Our trading partners saw this as a great, big red-white-and-blue middle finger aimed straight at them. They returned the gesture. Some historians think the ensuing trade war triggered the Great Depression.  Others think that it at least made the Depression a good deal worse.   (Some neoconservatives — remember them? — have argued that what really caused the Depression was fear that the tariff wouldn’t pass.)

That President was Herbert Hoover.  He was wealthy, a genuinely self-made man. He had no family real estate fortune behind him; no reality TV makeover to brand him as something he was not. Hoover had been Secretary of Commerce during the Roaring ’20s.  

What did he do about the Depression?  Not enough, thought the millions of Americans who voted him out in a landslide first chance they got.  But he did do something about immigration, for Hoover’s administration deported nearly 2 million Mexicans and Mexican-Americans.  The slogan was: “American jobs for Americans.”

The legislation Hoover signed was the infamous Smoot-Hawley tariff of 1930.  For those who’ve never heard of Smoot-Hawley, a little background.  American farmers had struggled during the 1920s.  Some had made money hand-over-fist during World War I, when other grain regions were affected by war.  The American farmers had bought more land (with borrowed capital) so that they could make more money.  But then World War I ended, the inflated wartime market deflated, and farmers were left with land they didn’t need and debt they couldn’t repay. 

They wanted a tariff to protect them from foreign competition.
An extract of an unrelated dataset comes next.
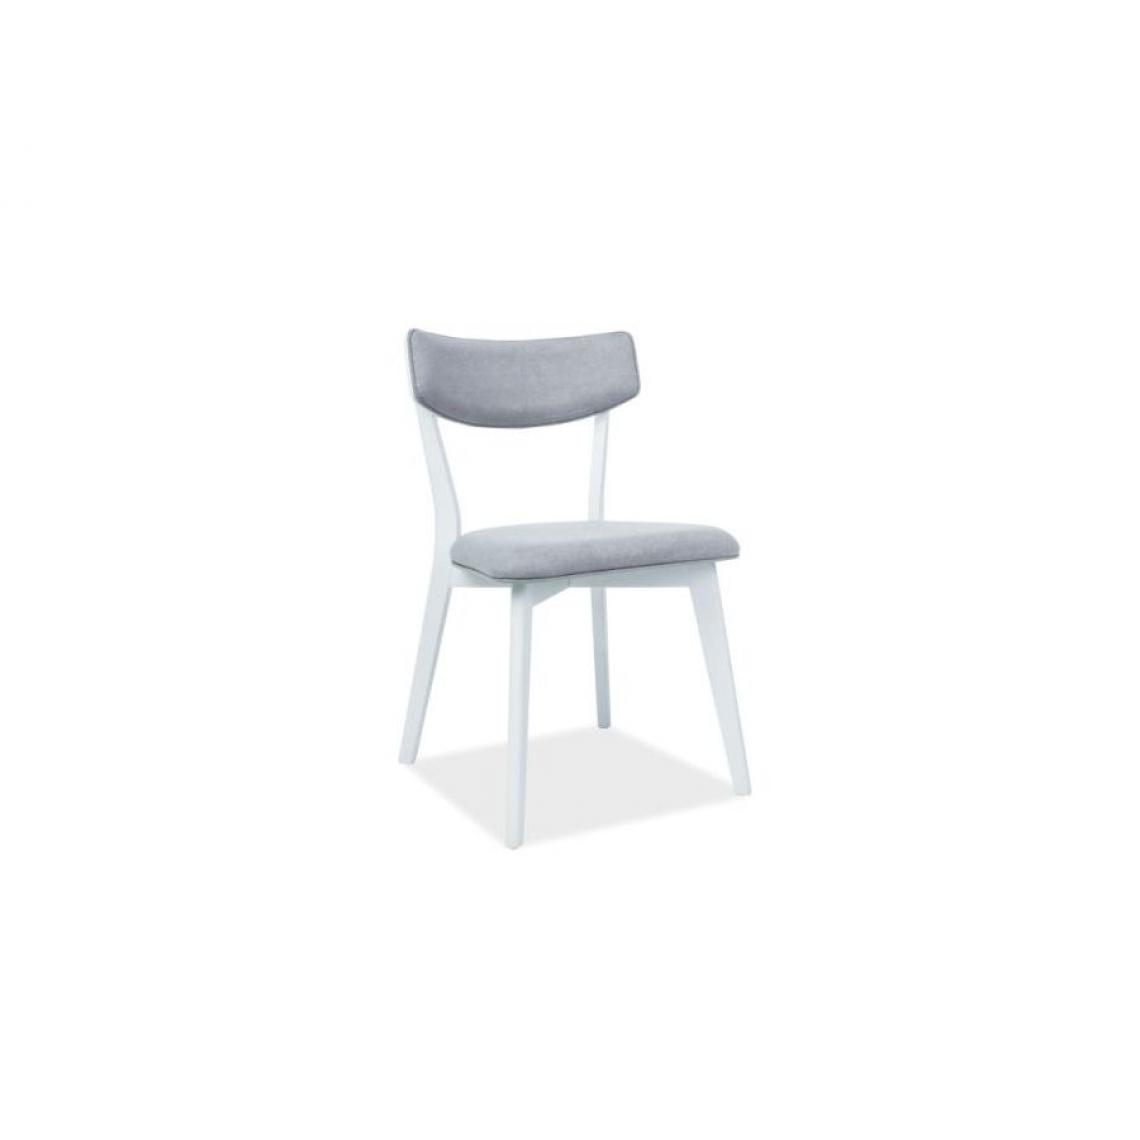 Hucoco - KARN | Magnifique chaise de forme classique style scandinave | 77x49x41 cm | Bois + tissu haute qualité | Chaise salle à manger - Gris - Chaises
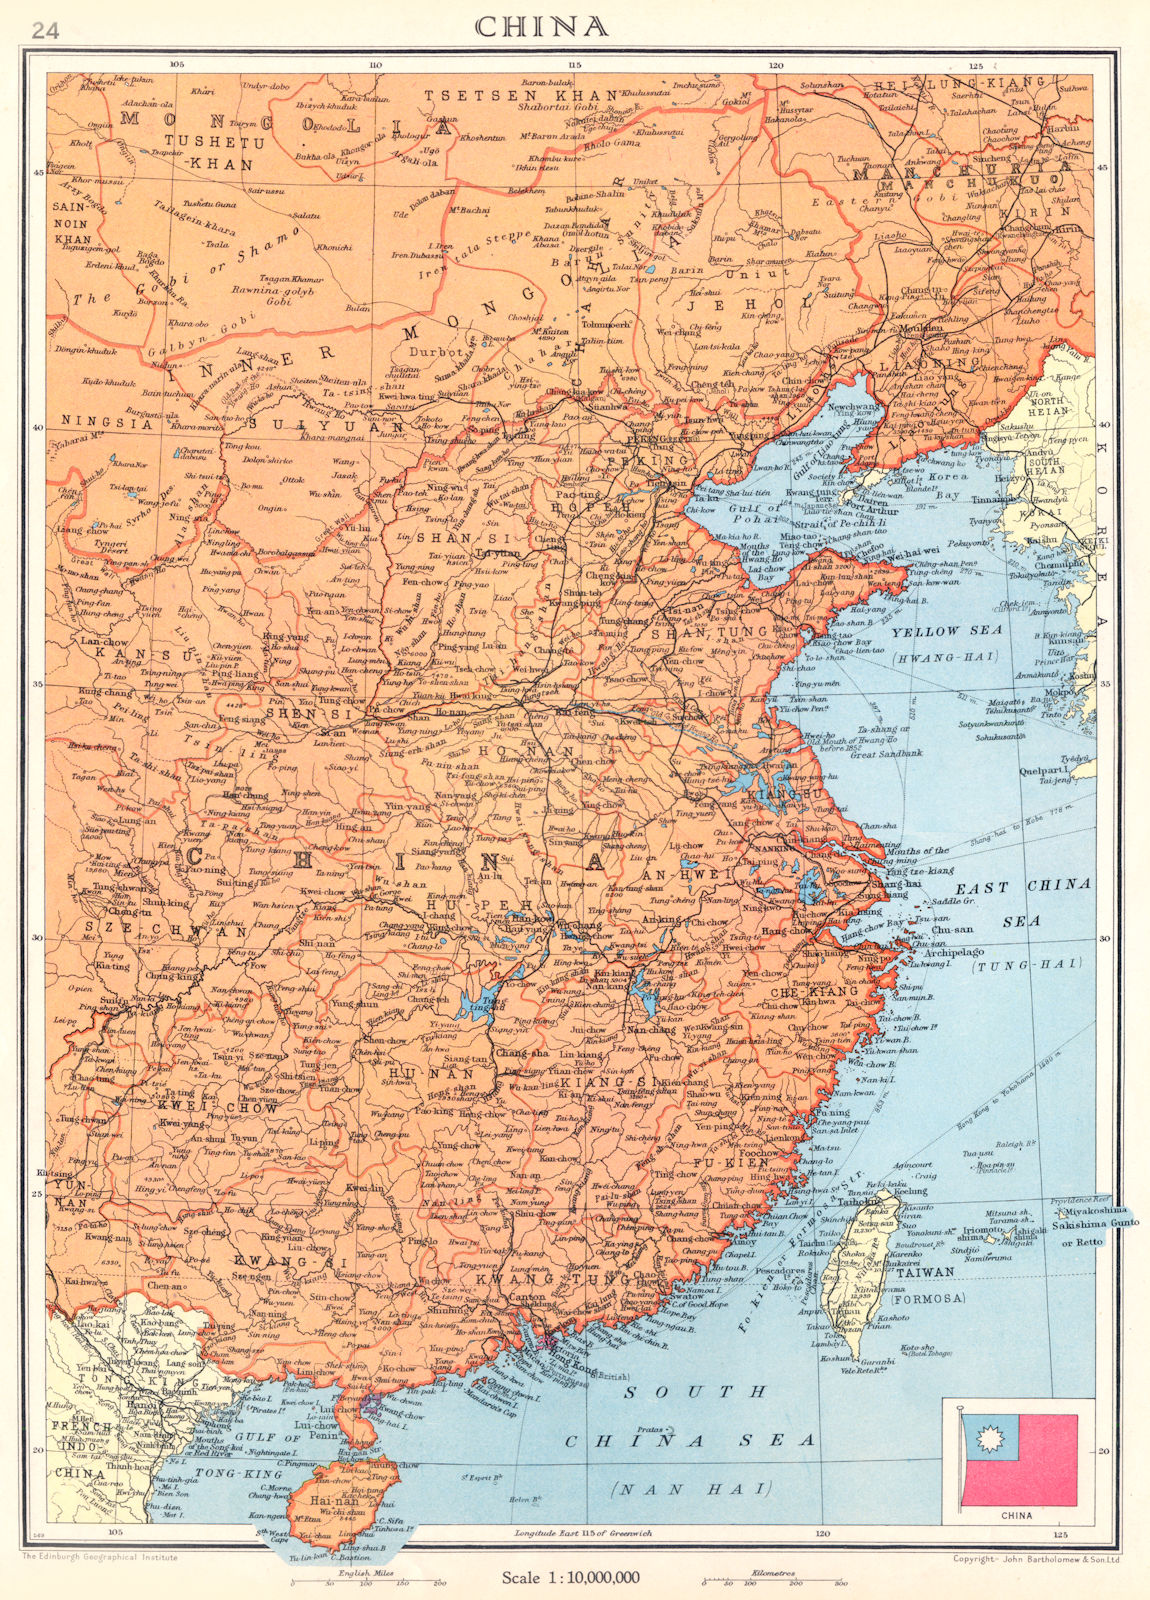 CHINA. Kwang-chow Taiwan Hong Kong 1938 old vintage map plan chart

When Hoover ran for President, he promised they’d get one.  Congressional committees went to work on a new tariff right after he took office, and so did the lobbyists.  In the committees, chaired by Senator Reed Smoot of Utah and Representative Willis Hawley of Oregon, the tariff soon grew into a classic legislative Christmas tree. 

The tree was hung with presents for everyone. If your constituents manufactured firearms or cement or cloth, you put in a provision just for protecting them.  Smoot’s Utah beet-sugar interests?  Sure. Hawley’s Oregon forest products firms?  You bet.  

Big American exporters, which included producers of automobiles and petroleum, lobbied against the tariff.  More than 1,000 American economists signed a letter to Hoover urging him to veto it. Hoover he didn’t.  And the trade war happened. Soon afterward, the United States and other industrial countries started trying to regulate tariffs and trade. 

That’s why people with some sense of economic history think Trump’s proposed tariffs — 60% on goods from China, 20% on goods from everywhere else — are a bad idea. He argues otherwise, even suggesting that the windfall from tariffs would lead to abolishing income taxes.

But if you believe his tariffs wouldn’t drive up prices for the same consumers who are currently concerned about the costs of gas and groceries, and would even make income taxes unnecessary, he may just have some real estate he’d like to sell you. And maybe a dictionary: In his dictionary, he says, “tariffs” is “the most beautiful word.”